Seus anseios e ambições são individuais e
desvinculados de um “bem social”. As
incoerências de Jasão em sua referência
como “povo”, se encontram justamente
nesse ponto, uma vez que faz de seu
conhecimento sobre os pobres da Vila do
Meio-Dia uma mercadoria cultural – da
mesma maneira em que Creonte fazia com
a música popular de Jasão –, no qual a
esperança é um produto de venda.
Jasão – Seu Creonte, eu venho do cú do mundo, esse é que é o meu maior tesouro Do povo eu conheço cada expressão, cada rosto, carne e osso, o sangue, o couro... Jasão – Não fique pensando que o povo é nada, carneiro, boiada, débil mental, pra lhe entregar tudo de mão beijada Quer o quê? Tirar doce de criança? Não. Tem que produzir uma esperança de vez em quando pra a coisa acalmar e poder começar tudo de novo Então, é como planta, o povo, pra poder colher, tem que semear, Chegou a hora de regar um pouco Ele já não lhe deu tanto? Em ações, prédios, garagens, carros, caminhões, até usinas, negócios de louco... Pois então? Precisa saber dosar os limites exatos da energia Porque sem amanhã, sem alegria, um dia a pimenteira vai secar Em vez de defrontar Egeu no peito, baixe os lucros um pouco e vá com jeito, bote um telefone, arrume uns espaços pras crianças poderem tomar sol Construa um estádio de futebol, pinte o prédio, está caindo aos pedaços Não fique esperando que o desgraçado que chega morto em casa do trabalho, morto, sim, vá ficar preocupado em fazer benfeitoria, caralho! Com seus ganhos, o senhor é que tem que separar uma parte e fazer melhorias [..] Ao terminar, reúna com todos, sem exceção e diga: ninguém tem mais prestação atrasada. Vamos arredondar as contas e começar a contar só a partir de agora... (BUARQUE; PONTES, 1998, p. 112; 113-114.)

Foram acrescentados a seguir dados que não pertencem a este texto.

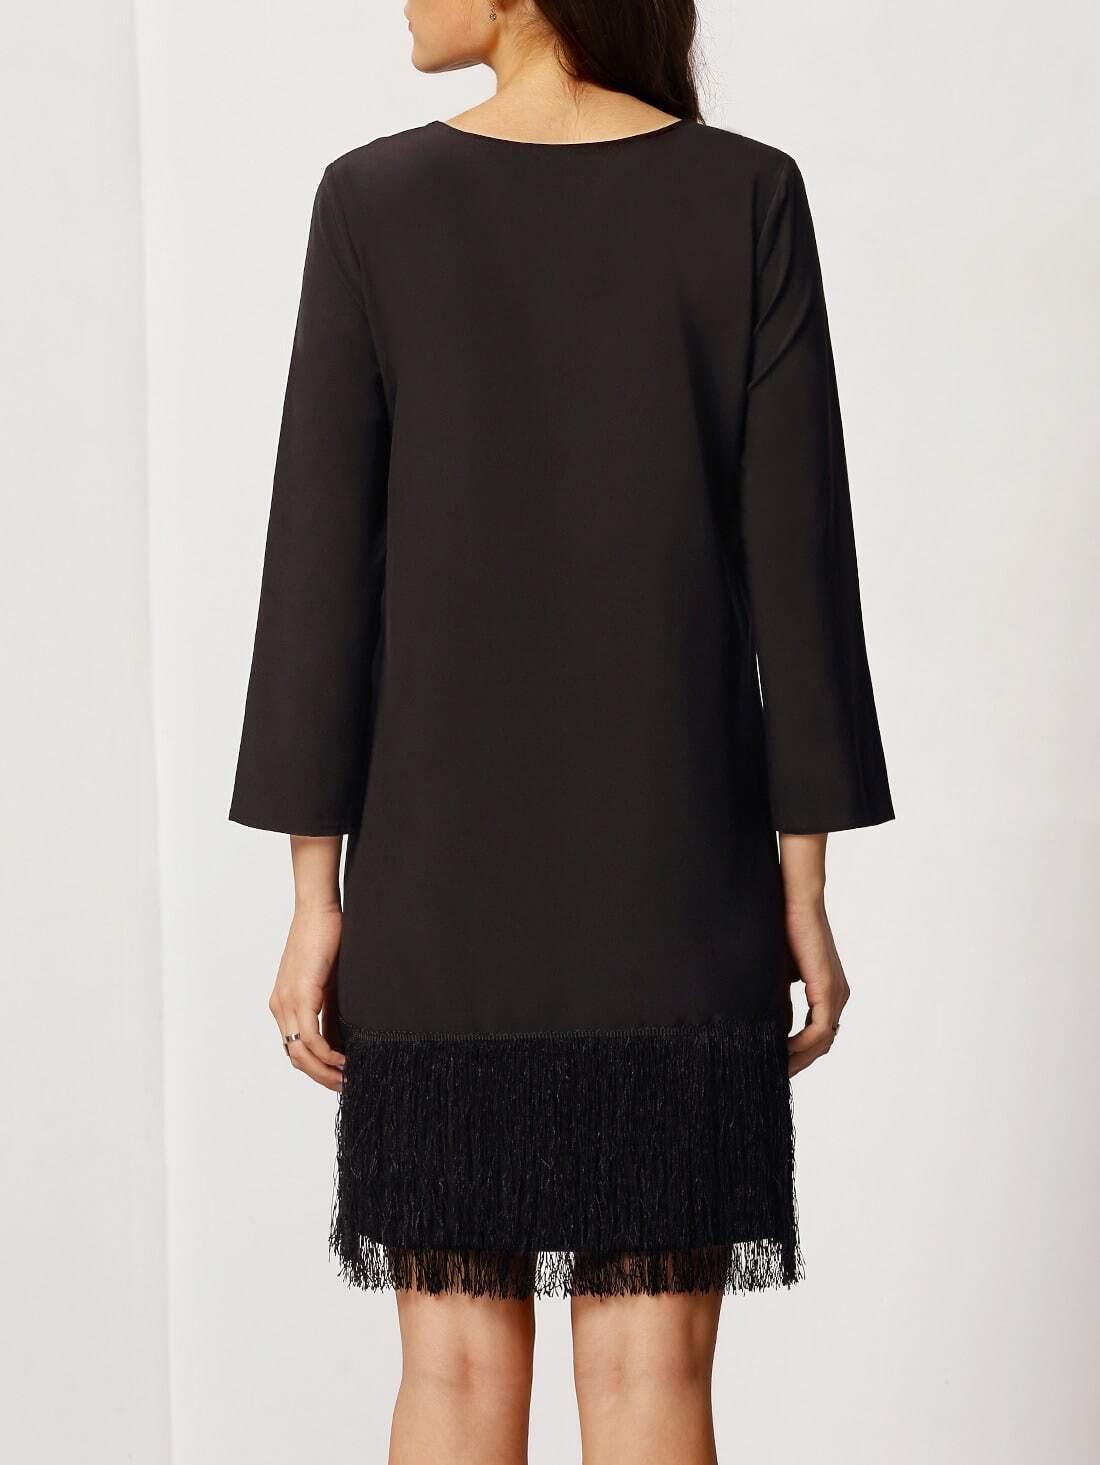 robe franges manches longues noir. Black Bedroom Furniture Sets. Home Design Ideas
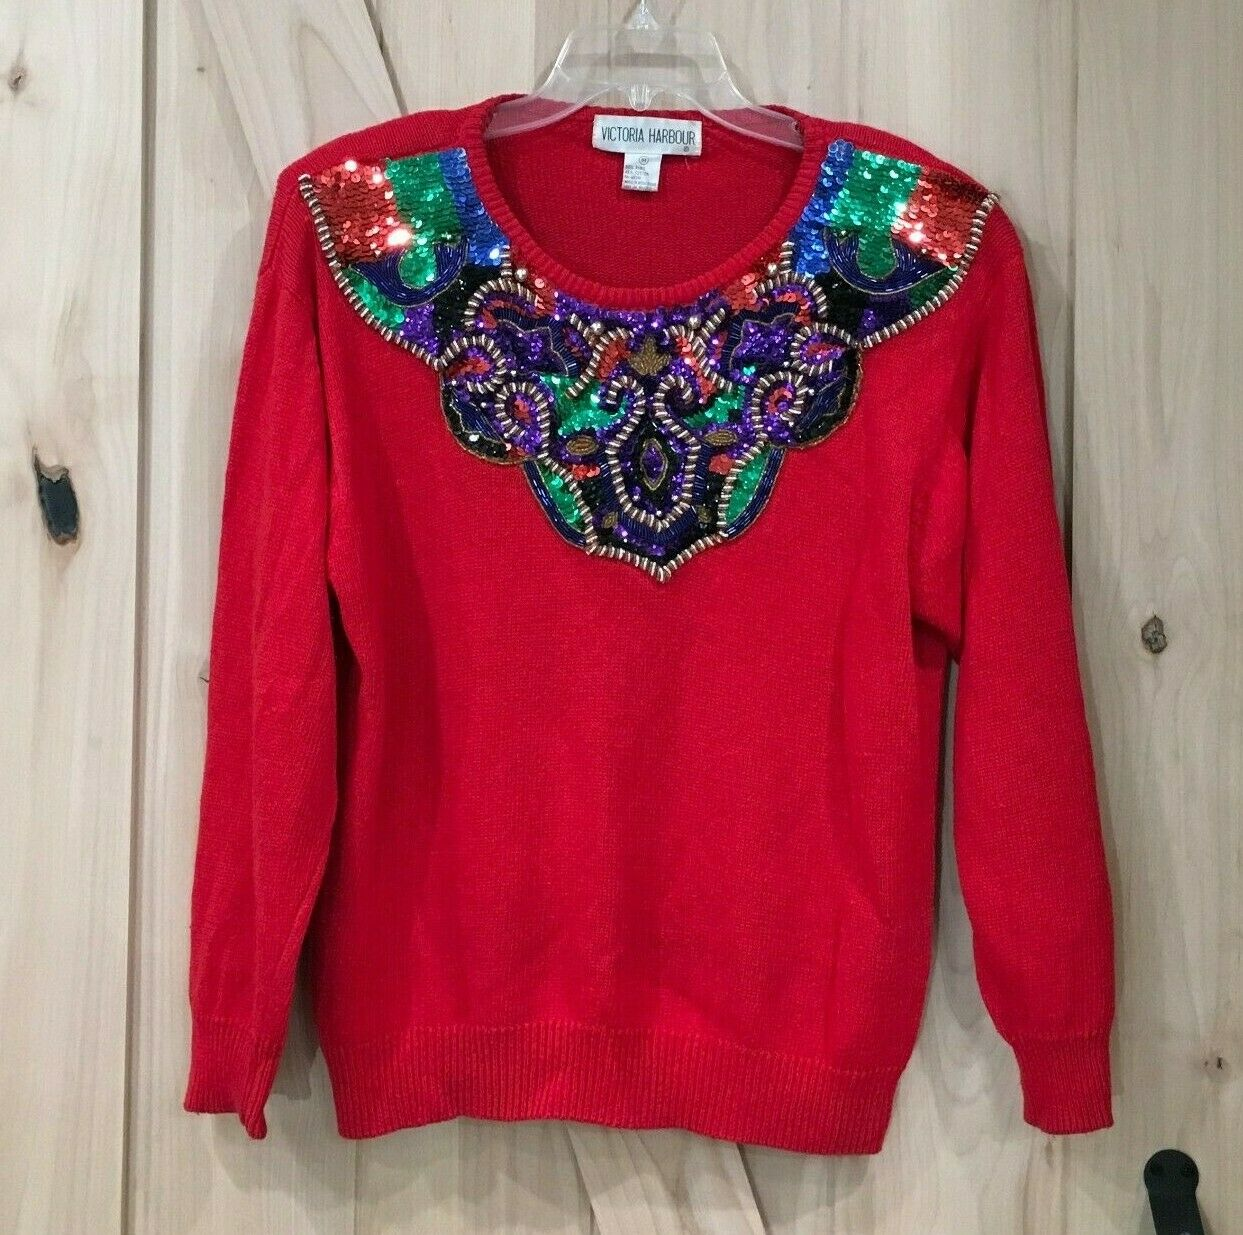 Vintage 80/'s Victoria Harbour Blue Beaded Sequin Tassel Sweater Medium

A ironia na fala de Jasão demonstra
que a busca pelos anseios da coletividade
começava a se dificultar com o início do
desenvolvimento de um individualismo
17
específico; aquele concernente ao
deslumbramento da indústria cultural, do
dinheiro fácil, da propaganda; enfim, das
maravilhas do consumo oferecidas pelo
“milagre econômico brasileiro”. É
justamente com esse espírito que, agora,
Jasão possui plenos direitos de se sentar na
cadeira de Creonte. O protagonista lhe
oferece todas as armas para desvincular o
movimento de Egeu de unir a população
pobre contra as dívidas impostas.
Enquanto Jasão persuadia Creonte a
fazer o mais sensato para que o dono da
Vila do Meio-Dia pudesse manter-se no
domínio, Egeu dialogava com Joana,
preocupado com suas promessas de
vingança desesperada. Como mentor
ideológico dos problemas da população,
Egeu buscou convencê-la a agir
prudentemente e com o auxílio de todos
contra Creonte.
Egeu – Vai me prometer, tem que me jurar que de hoje em diante vai ficar quietinha, bico calado... Joana – Essa não... [...] Egeu – Então, não conte mais comigo, Joana Joana – Mas, mestre, Creonte rouba, me engana, me destrói, me carrega até meu macho e eu fico de bico calado? Baixo a cabeça? [...] Egeu – Se quer brigar, perfeito, Só vim lhe pedir pra brigar direito [...] Então, se você fica prevenida, fingindo que esqueceu, levando a vida como se nada fosse, sem qualquer provocação, então se ele quiser
te despejar na rua – e ele pode – não vai poder porque vai dar um bode, todo mundo vai ficar do seu lado, Creonte vai ficar paralisado na proporção da força que dispõe Mas em vez disso, não, você se põe A agredir, xingar, abrir o berreiro em tudo que é esquina, bar e terreiro, você se isola, perde a aprovação dos seus vizinhos, fica sem razão [...] A gente avança só quando é mais forte do que o nosso inimigo. A sua sorte é ligada à sorte de todo mundo na vila. Trabalhador, vagabundo, humilhado, ofendido, devedor atrasado, quem paga com suor as prestações da vida é seu amigo Quem leva na cabeça está contigo, está naturalmente do teu lado Então, cada passo tem que ser dado por todos. Se você avançar só, Creonte te esmaga sem dor, nem dó Compreendeu, comadre Joana? (Silêncio) [...]. (BUARQUE; PONTES, 1998, p. 120;121)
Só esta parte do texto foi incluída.